Ostrów Tumski – który na pewno należy do ścisłego TOP 3 najważniejszych polskich wysp miejskich przywitał nas zaskakująco pozytywnym rozwiązaniem Bramy Poznania, czyli nowoczesnej bryły muzeum Ostrowa Tumskiego wkomponowanej z nowoczesną kładką w odnogę Warty (Cybina) i schłodził później niedzielną mszą w katedrze. Instytucja prowadzi zresztą program edukacyjny „Okno na Rzekę”, który ma animować ożywianie i tak już ożywionego nabrzeża. Na wyspie znajduje się jeszcze Pałac Arcybiskupów, muzeum Archeologiczne i skromny stary kościół NMP in Summo.

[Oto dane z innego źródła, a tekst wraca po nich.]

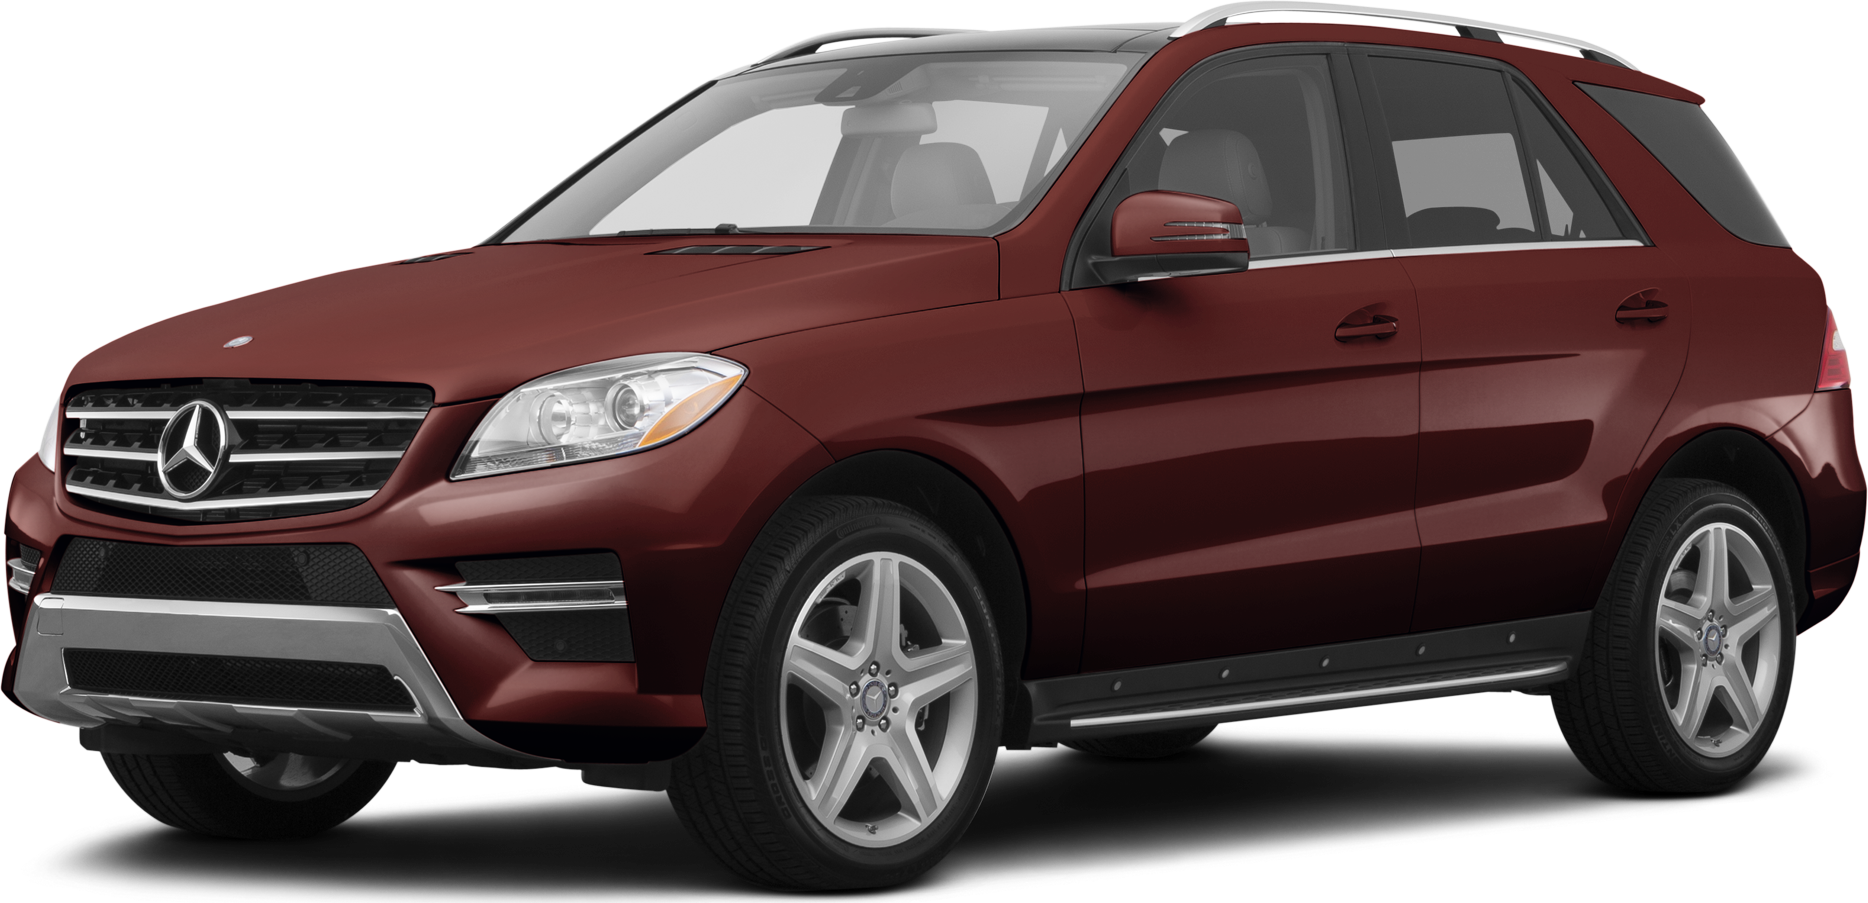 2016 Mercedes Benz Gle Pricing Reviews Ratings Kelley

Z małej przystani w Starym Porcie od niedawna można pływać statkami wycieczkowymi po Warcie.
Chodzi o to, że rzeka jest błogosławieństwem miasta. Nie przekleństwem. Przekleństwem to może być 100-metrowa żelazna rzeka, dzieląca miasto na pół – czyli magistrala kolejowa. Nad rzeką ludzie chcą przebywać. Taka nasza natura od wieków. Tylko trzeba stworzyć coś, co wychodzi na przeciw takiej potrzebie. Choćby skromne bulwary z małą plażą, kilkunastoma leżakami i święcącymi girlandami.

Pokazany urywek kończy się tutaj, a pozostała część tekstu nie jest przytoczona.